- Work to be completed: Only the lines from the one containing "Cajas plástico desde 3,04€/Unidad" through the one containing "DJI Mini 3 Pro with Smart Controller DJI" should be printed, exactly as they appear below, with both ends included.

- Provided records:
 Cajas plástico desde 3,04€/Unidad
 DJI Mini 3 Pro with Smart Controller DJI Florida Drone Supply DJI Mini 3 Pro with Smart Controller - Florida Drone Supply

==

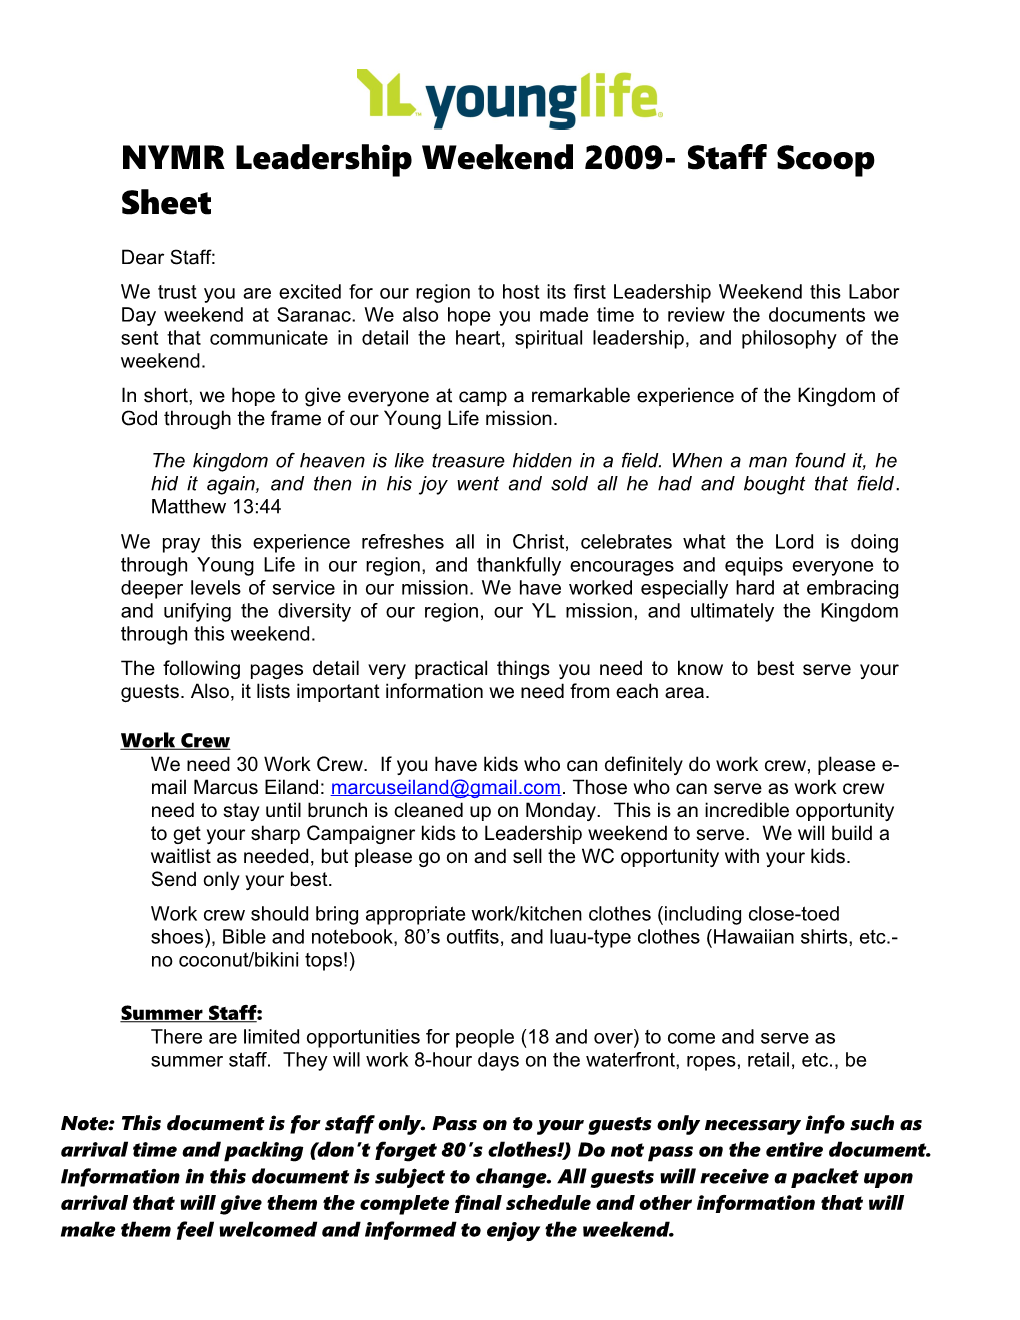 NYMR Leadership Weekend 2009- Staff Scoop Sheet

- Expected answer:
 Cajas plástico desde 3,04€/Unidad
 DJI Mini 3 Pro with Smart Controller DJI Florida Drone Supply DJI Mini 3 Pro with Smart Controller - Florida Drone Supply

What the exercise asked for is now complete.